OpenBSD manual page server

NAME

SHA1, SHA1_Init, SHA1_Update, SHA1_Final, SHA224, SHA224_Init, SHA224_Update, SHA224_Final, SHA256, SHA256_Init, SHA256_Update, SHA256_Final, SHA384, SHA384_Init, SHA384_Update, SHA384_Final, SHA512, SHA512_Init, SHA512_Update, SHA512_Final — Secure Hash Algorithm

SYNOPSIS

#include <openssl/sha.h>

unsigned char *
SHA1(const unsigned char *d, size_t n, unsigned char *md);

int
SHA1_Init(SHA_CTX *c);

int
SHA1_Update(SHA_CTX *c, const void *data, size_t len);

int
SHA1_Final(unsigned char *md, SHA_CTX *c);

unsigned char *
SHA224(const unsigned char *d, size_t n, unsigned char *md);

int
SHA224_Init(SHA256_CTX *c);

int
SHA224_Update(SHA256_CTX *c, const void *data, size_t len);

int
SHA224_Final(unsigned char *md, SHA256_CTX *c);

unsigned char *
SHA256(const unsigned char *d, size_t n, unsigned char *md);

int
SHA256_Init(SHA256_CTX *c);

int
SHA256_Update(SHA256_CTX *c, const void *data, size_t len);

int
SHA256_Final(unsigned char *md, SHA256_CTX *c);

unsigned char *
SHA384(const unsigned char *d, size_t n, unsigned char *md);

int
SHA384_Init(SHA512_CTX *c);

int
SHA384_Update(SHA512_CTX *c, const void *data, size_t len);

int
SHA384_Final(unsigned char *md, SHA512_CTX *c);

unsigned char *
SHA512(const unsigned char *d, size_t n, unsigned char *md);

int
SHA512_Init(SHA512_CTX *c);

int
SHA512_Update(SHA512_CTX *c, const void *data, size_t len);

int
SHA512_Final(unsigned char *md, SHA512_CTX *c);

DESCRIPTION

SHA-1 (Secure Hash Algorithm) is a cryptographic hash function with a 160-bit output.
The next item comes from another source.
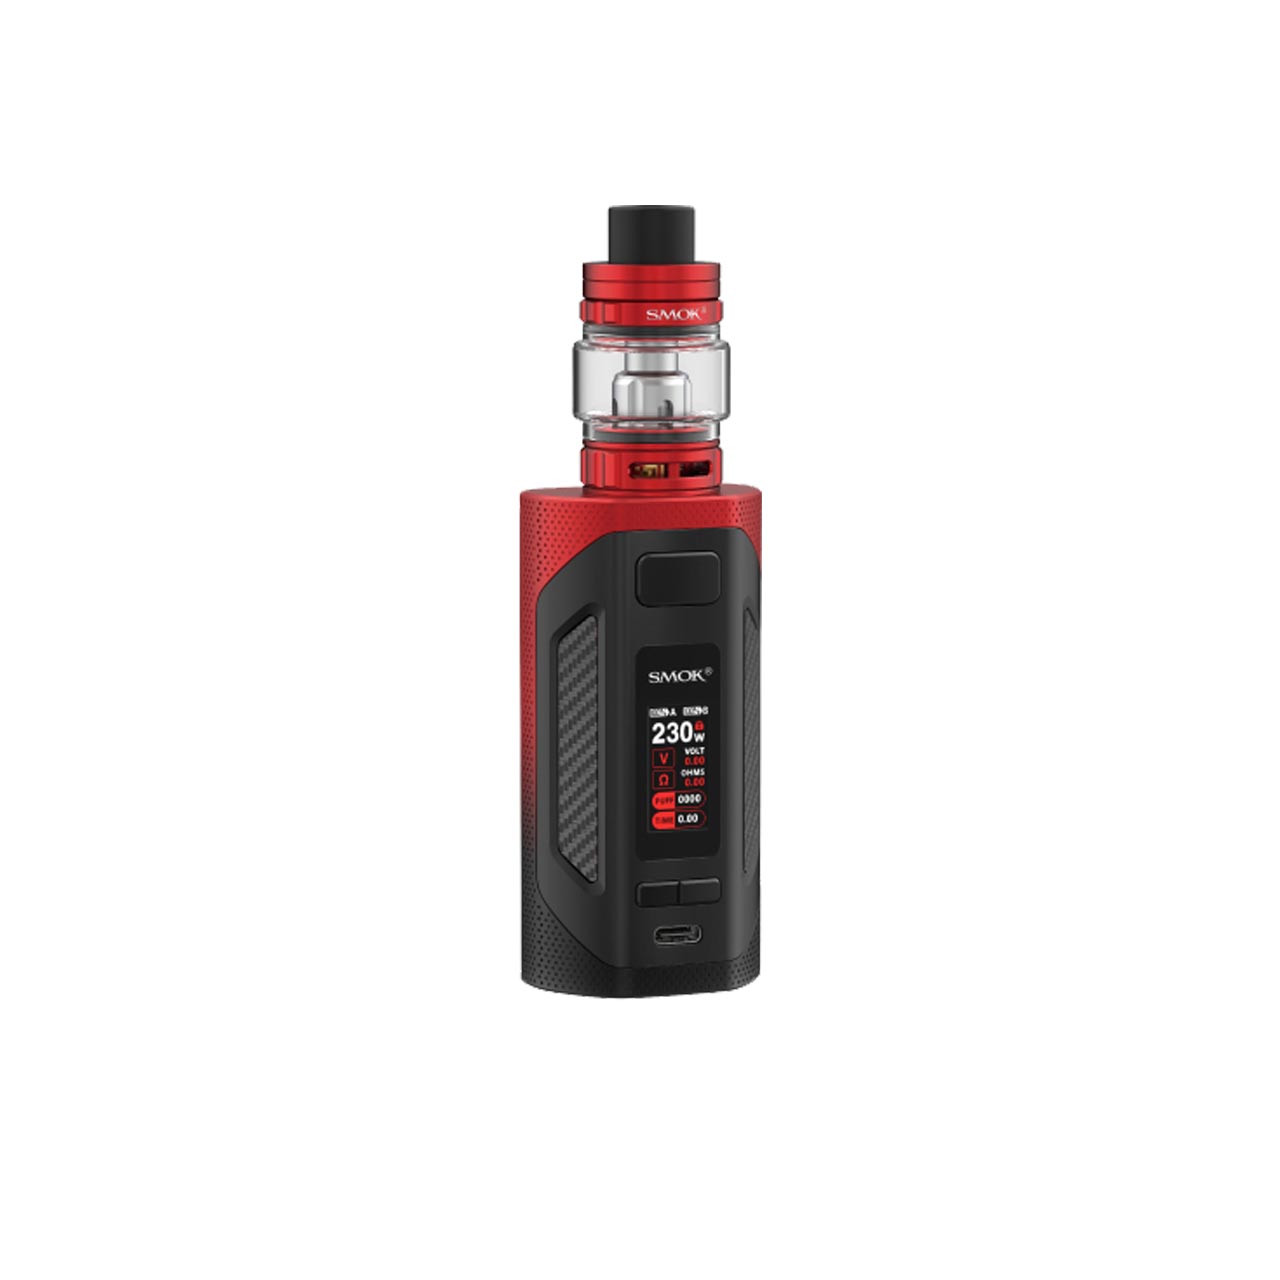 SMOK RIGEL Kit Red

SHA1() computes the SHA-1 message digest of the n bytes at d and places it in md, which must have space for SHA_DIGEST_LENGTH == 20 bytes of output.

The following functions may be used if the message is not completely stored in memory:

SHA1_Init() initializes a SHA_CTX structure.

SHA1_Update() can be called repeatedly with chunks of the message to be hashed (len bytes at data).

SHA1_Final() places the message digest in md, which must have space for SHA_DIGEST_LENGTH == 20 bytes of output, and erases the SHA_CTX.

The SHA224, SHA256, SHA384, and SHA512 families of functions operate in the same way as the SHA1 functions. Note that SHA224 and SHA256 use a SHA256_CTX object instead of SHA_CTX, and SHA384 and SHA512 use SHA512_CTX. The buffer md must have space for the output from the SHA variant being used: SHA224_DIGEST_LENGTH, SHA256_DIGEST_LENGTH, SHA384_DIGEST_LENGTH, or SHA512_DIGEST_LENGTH bytes.

Applications should use the higher level functions EVP_DigestInit(3) etc. instead of calling the hash functions directly.

RETURN VALUES

SHA1(), SHA224(), SHA256(), SHA384(), and SHA512() return a pointer to the hash value. The other functions return 1 for success or 0 otherwise.

SEE ALSO

EVP_DigestInit(3), HMAC(3), RIPEMD160(3)

STANDARDS

Secure Hash Standard (SHS), NIST FIPS Publication, 180-4, https://doi.org/10.6028/NIST.FIPS.180-4, 2015.

HISTORY

SHA1(), SHA1_Init(), SHA1_Update(), and SHA1_Final() first appeared in SSLeay 0.5.1 and have been available since OpenBSD 2.4.

The other functions first appeared in OpenSSL 0.9.8 and have been available since OpenBSD 4.5.

CAVEATS

Other implementations allow md in SHA1(), SHA224(), SHA256(), SHA384(), and SHA512() to be NULL and return a static array, which is not thread safe.